> [Your instructions]: Using the material below, repeat exactly the lines from the one with "Eva och Adam" through the one with "homemade-facial-scrub-brown-sugar-chamomile-peppermint", ends included, without any images.

> [Data supplied]:
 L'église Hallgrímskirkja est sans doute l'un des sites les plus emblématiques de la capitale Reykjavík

---

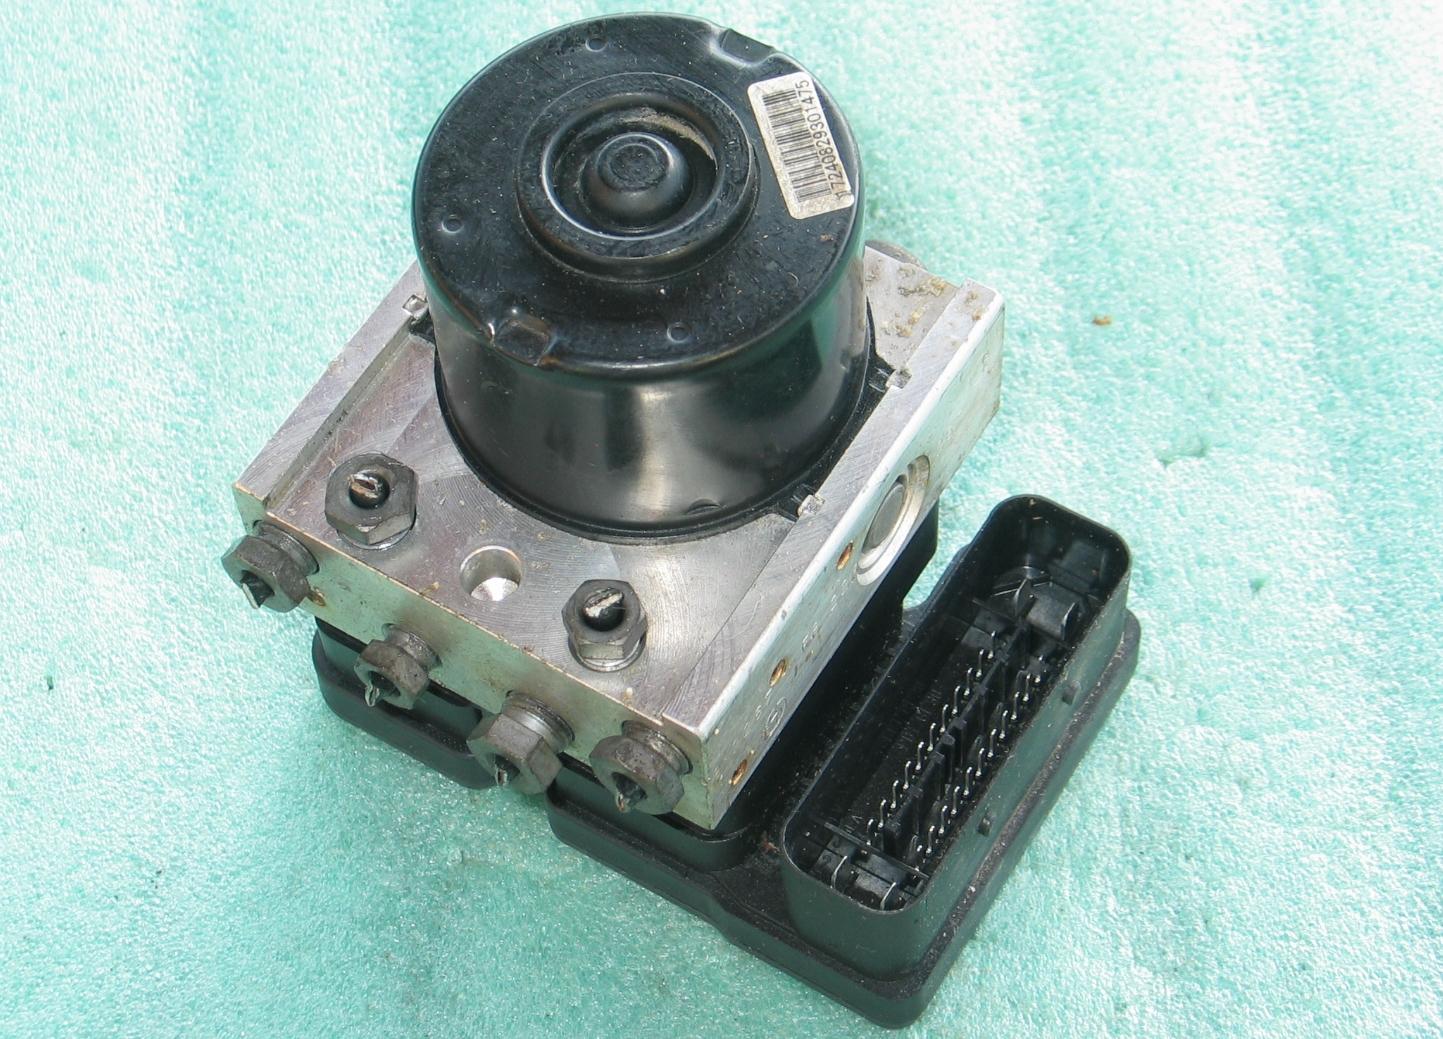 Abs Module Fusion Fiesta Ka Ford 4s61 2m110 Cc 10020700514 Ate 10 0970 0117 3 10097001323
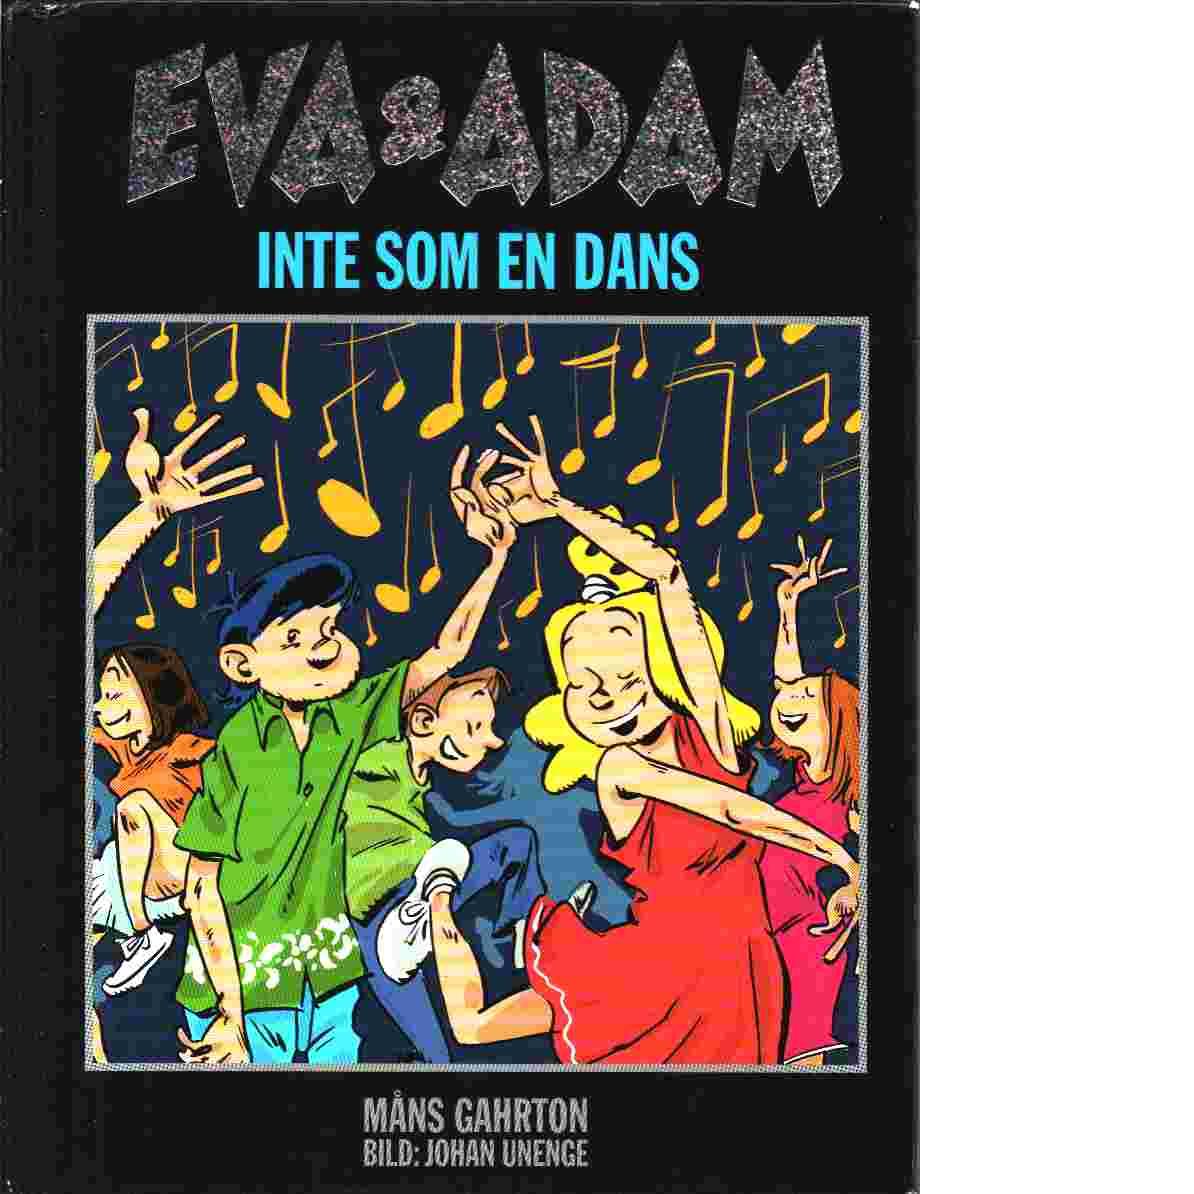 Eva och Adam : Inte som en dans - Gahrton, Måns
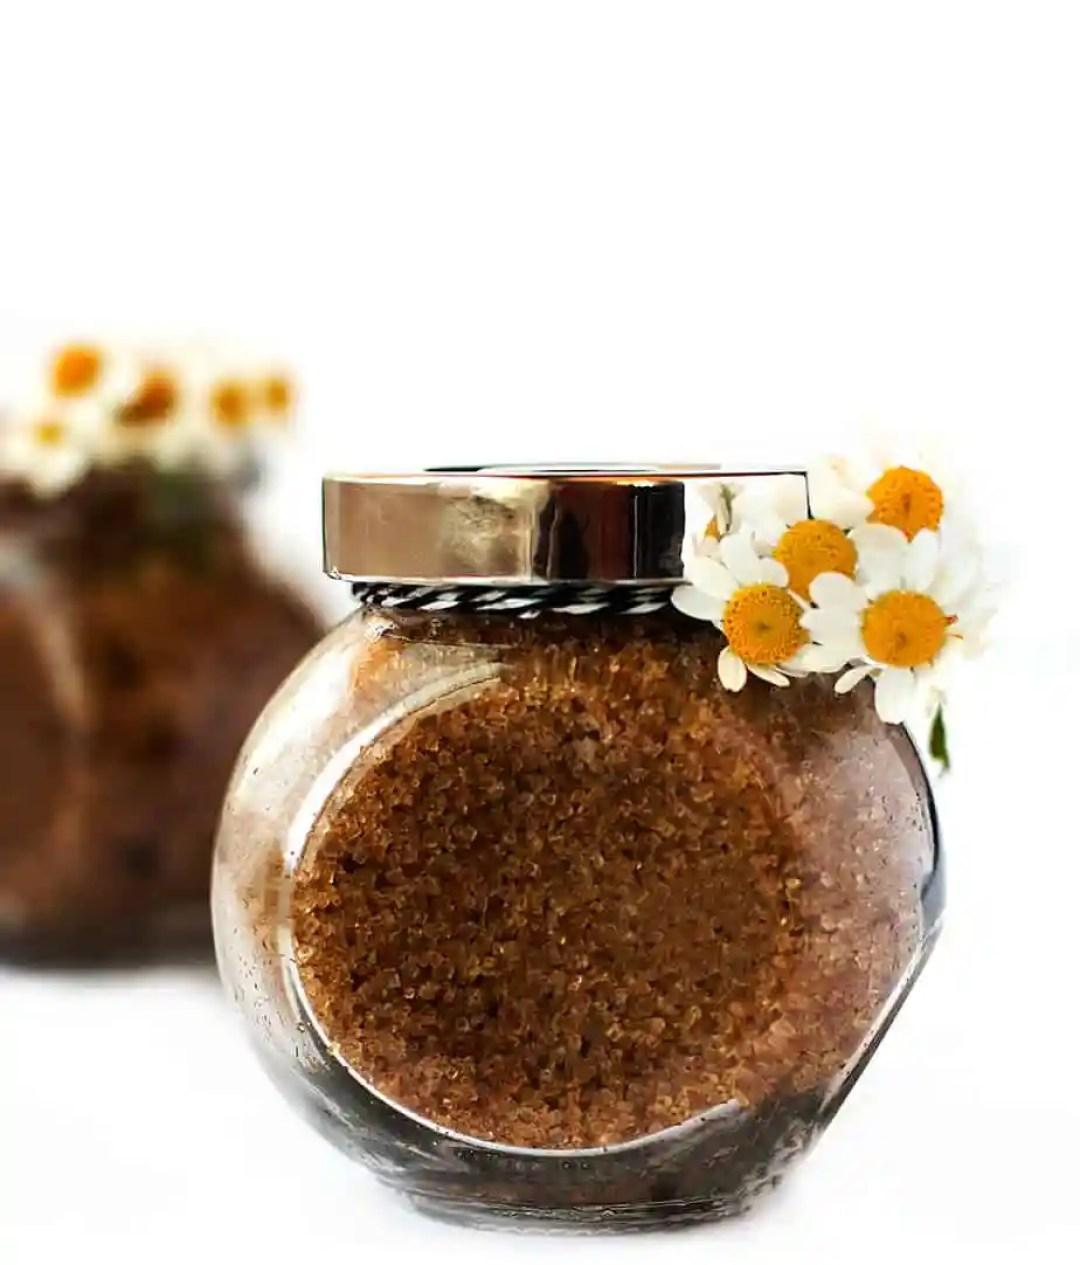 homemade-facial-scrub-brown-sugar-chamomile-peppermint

...

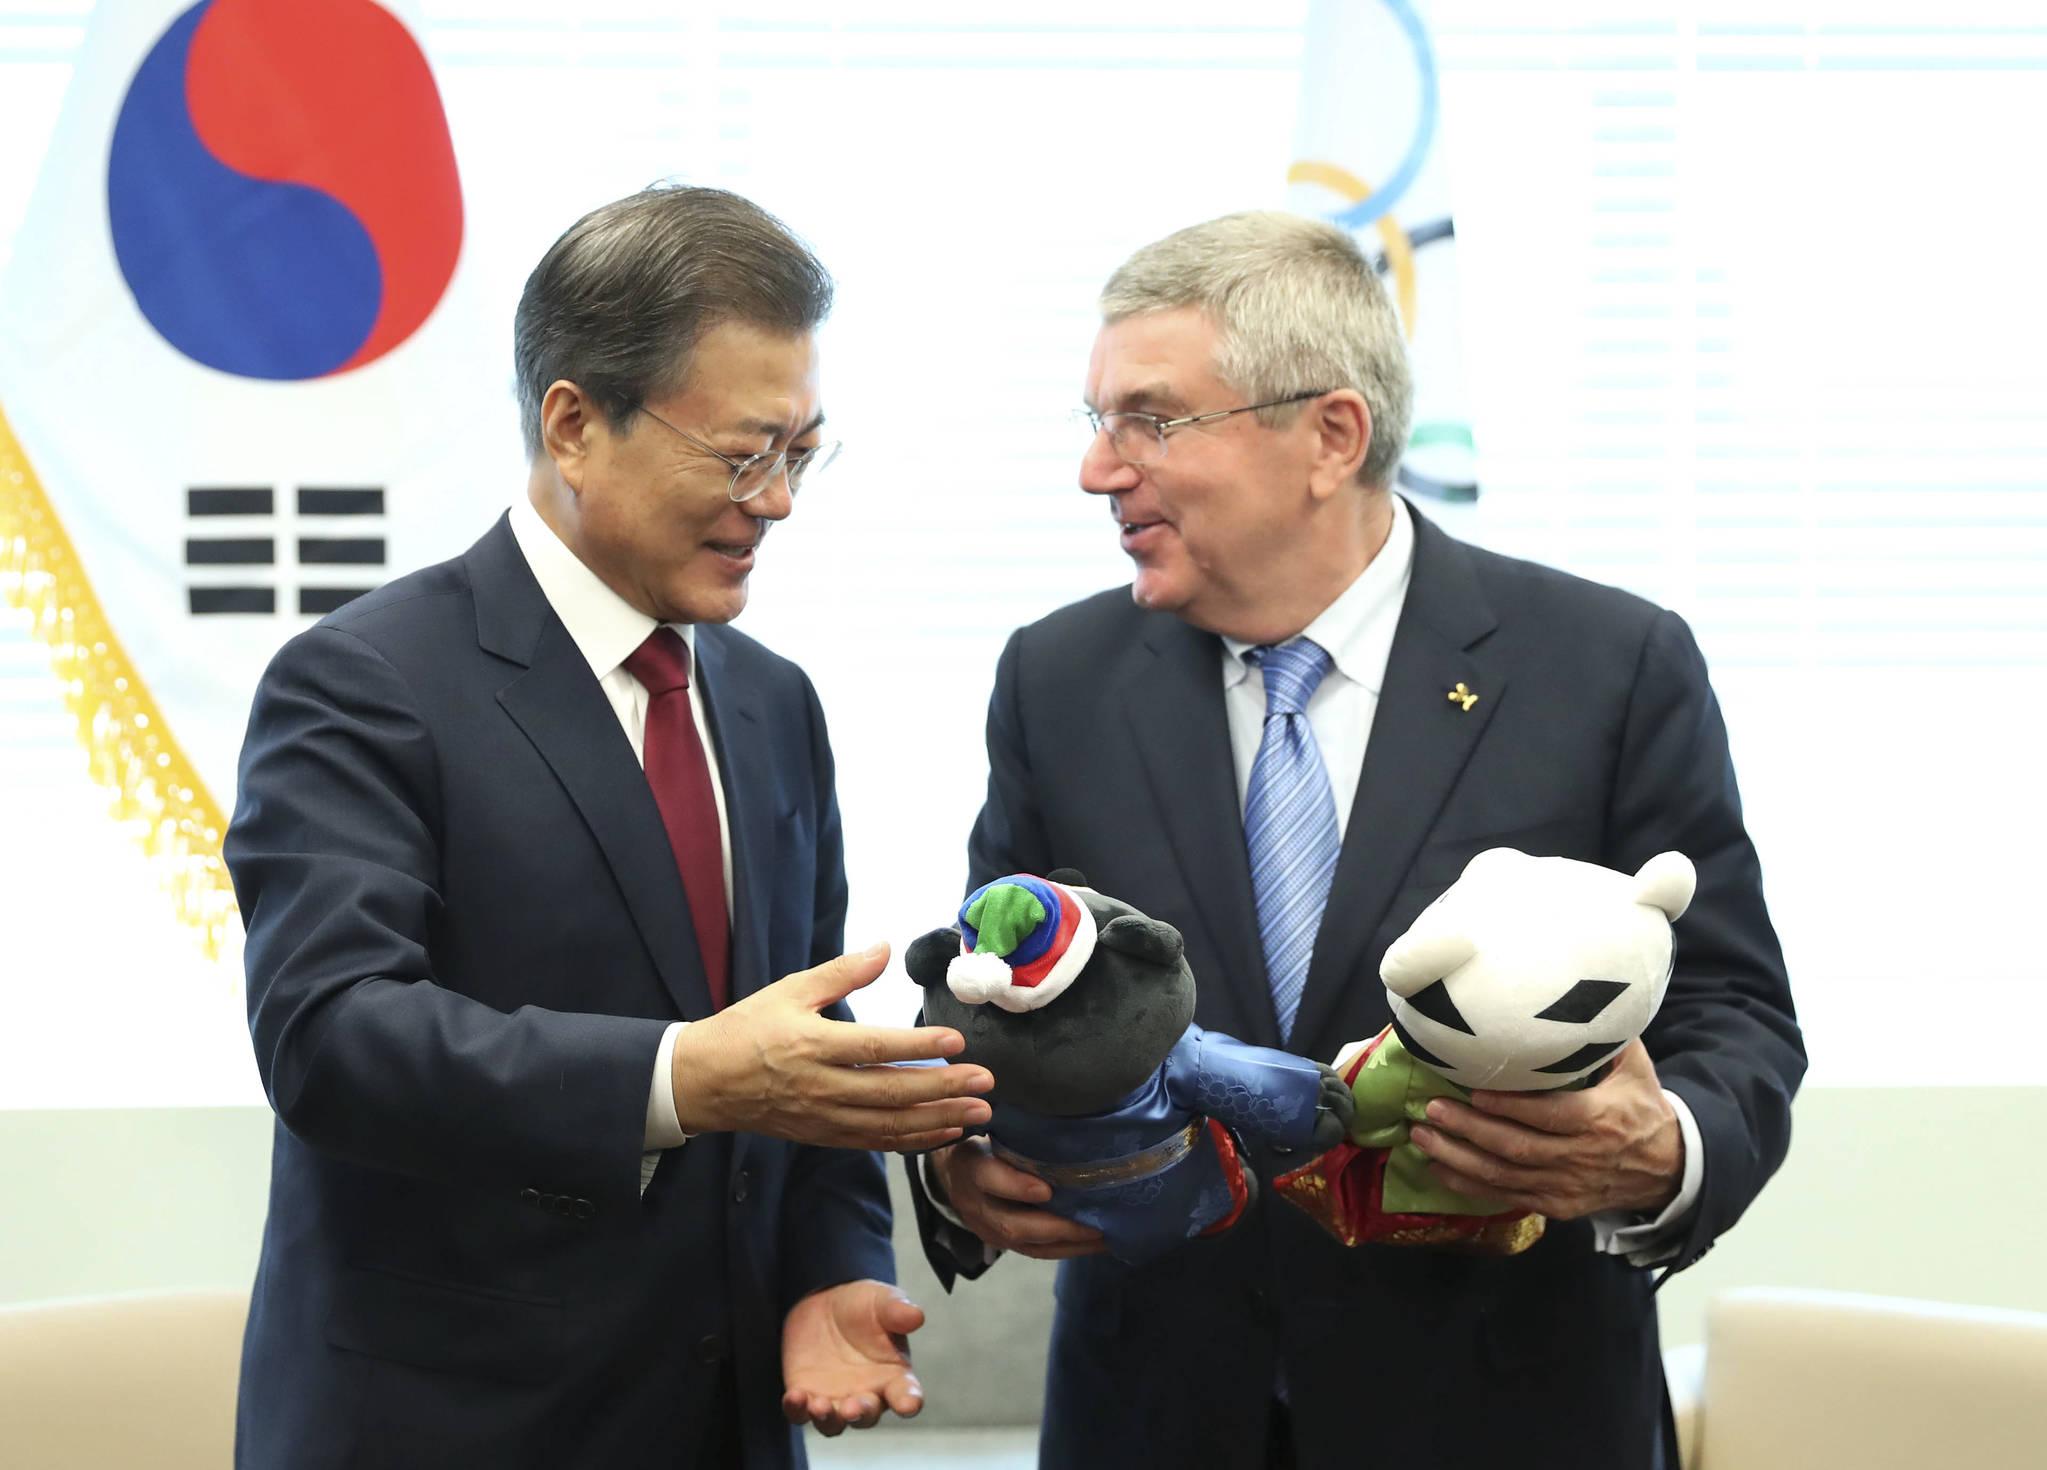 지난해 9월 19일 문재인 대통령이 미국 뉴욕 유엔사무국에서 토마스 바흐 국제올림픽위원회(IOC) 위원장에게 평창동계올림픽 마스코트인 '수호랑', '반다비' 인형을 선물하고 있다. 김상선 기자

> [Your response]:
 Eva och Adam : Inte som en dans - Gahrton, Måns
 homemade-facial-scrub-brown-sugar-chamomile-peppermint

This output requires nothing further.